Exclusive interview with Toumazos Tselepis for Gnomi Newspaper, member of the Secretariat and Political Bureau of AKEL, International Law expert, Head of the Cyprus problem Office of AKEL, current member of the Support Team to the Negotiator at the ongoing talks and member of the Negotiating Team during the administration of President Christofias, on developments surrounding the Cyprus problem

. How are the concerns of Turkish Cypriots, but also of Greek Cypriots, to be allayed?

T. T.: You put it quite correctly – how are the concerns of both communities to be allayed? Our own concerns, as you understand, are concerns regarding an external danger, that is to say Turkey. These concerns must be put to rest. Consequently we cannot accept Turkey having rights of intervention, whenever it wants to come to Cyprus, supposedly to impose order and all the rest. This is a source of upmost insecurity for the Greek Cypriots.

From there onwards, the concerns of the Turkish Cypriots are different. They are worried about an internal danger. I am not examining right now whether this concern is justified or not. This is a reality. From the moment they are worried that the danger stems from internally, it is clear that a way must be found to satisfy them as well. Not, of course, through a Turkish guarantee and right of intervention, but in some other way for a force other than the internal forces to exist so that, if needed, if the internal mechanisms are not effective, they too can feel safe. The proper balance must be sought somewhere there.

– Might the recognition of the danger for both Greek Cypriots and the Turkish Cypriots lead to the stationing troops as was envisaged in the 1960 Constitution? To the stationing of the Turkish contingent of TOYRDYK and the Greek contingent force of ELDYK?

T. T: The Constitution of 1960 provided precisely for the contingents of ELDYK and TOYRDYK, 950-600 troops respectively, if my memory serves me correctly. As far as I understand it, at this moment in time we are not talking about Turkish and Greek troops, but about a force under the auspices of the United Nations for a specific period of time.


– Sınce we are talking about the military aspect, is the position that we as the Greek Cypriot side remain consistent to the position for demilitarization safeguarded and avoiding accession to NATO from the talks and from what we know so far?

T. T: AKEL has declared stated its position that we will not consent to a solution that provides either for NATO guarantees, or accession to NATO or any other such idea. Furthermore, we disagree with the existence of an army in Cyprus. As far as we are concerned these are fundamental positions and for us to be able to accept a solution, a plan that might be put forth before us, these things must be excluded. The signs we have is that there won’t be such things.
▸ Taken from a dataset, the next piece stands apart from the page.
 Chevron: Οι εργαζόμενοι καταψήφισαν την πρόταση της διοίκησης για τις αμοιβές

– Five-party or multilateral conference? Does the role of the other UN Security Council members – Russia, China – now and with the discussion for the more, as it is termed, active engagement of the UN Secretary-General refer to processes that may develop into an arbitration?
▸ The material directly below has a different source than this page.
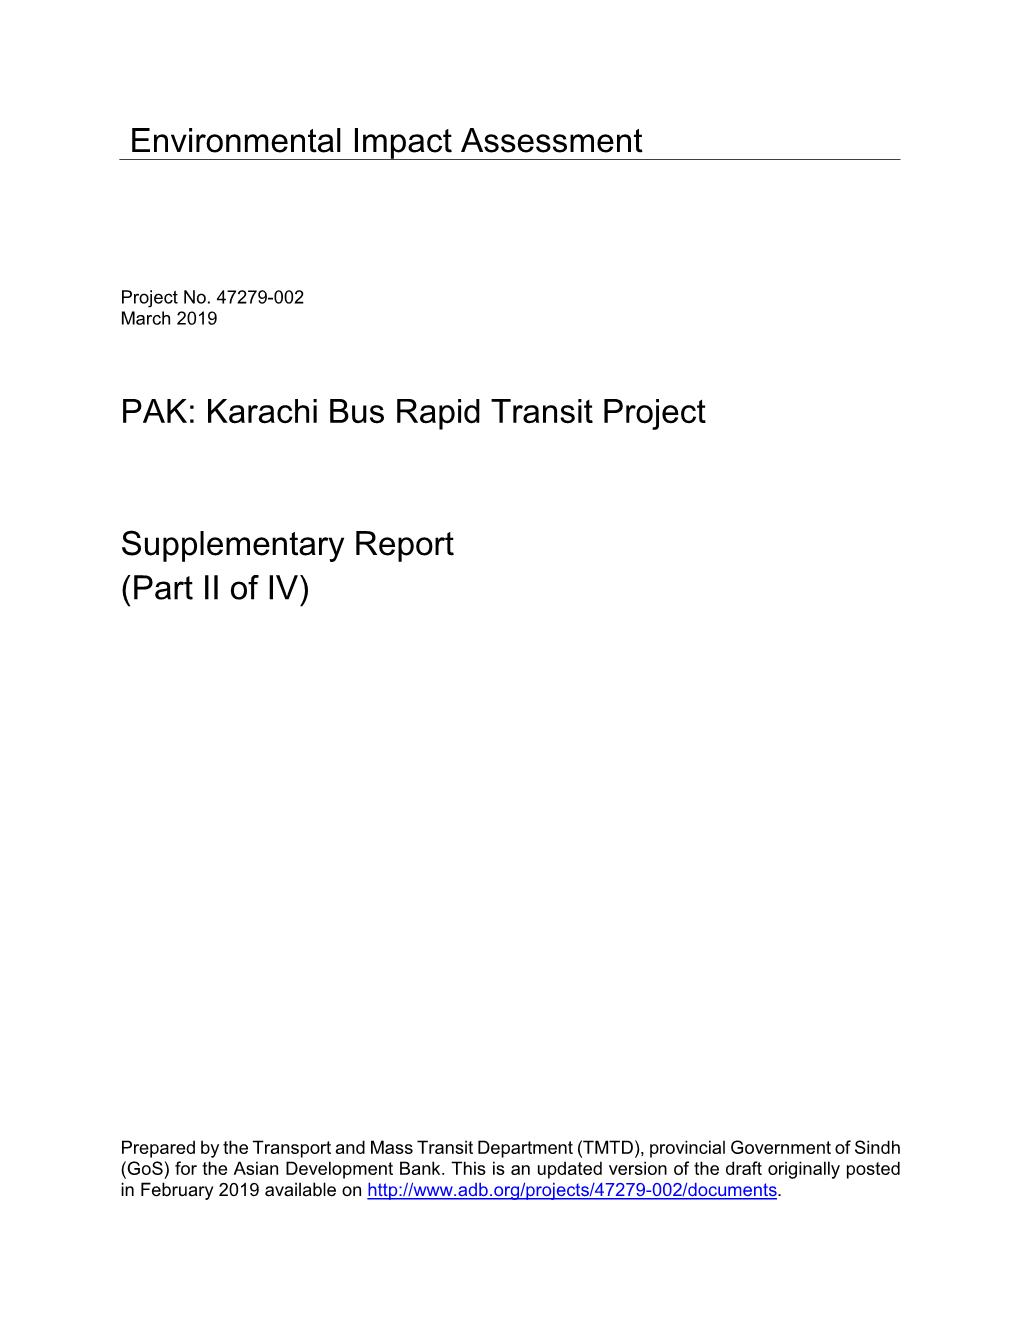 Karachi Bus Rapid Transit Project Supplementary Report (Part II Of

T. T: The assurances that have been made say they do not refer to such developments, and it would be paradoxical because there is also the negative experience of the recent past. As you know in 2004 one of the main reasons for the failure was precisely that the two sides, Greek Cypriots and Turkish Cypriots, did not reach a full agreement between them, that the gaps were filled by the UN and that that plan was put directly before referenda.

This time everything must be agreed by the two leaders and with the consent of both leaders be put before a referendum. Which means that whatever plan is put before the people will have the backing of the two leaders. And this is a big difference from the past. Such mistakes must not be repeated.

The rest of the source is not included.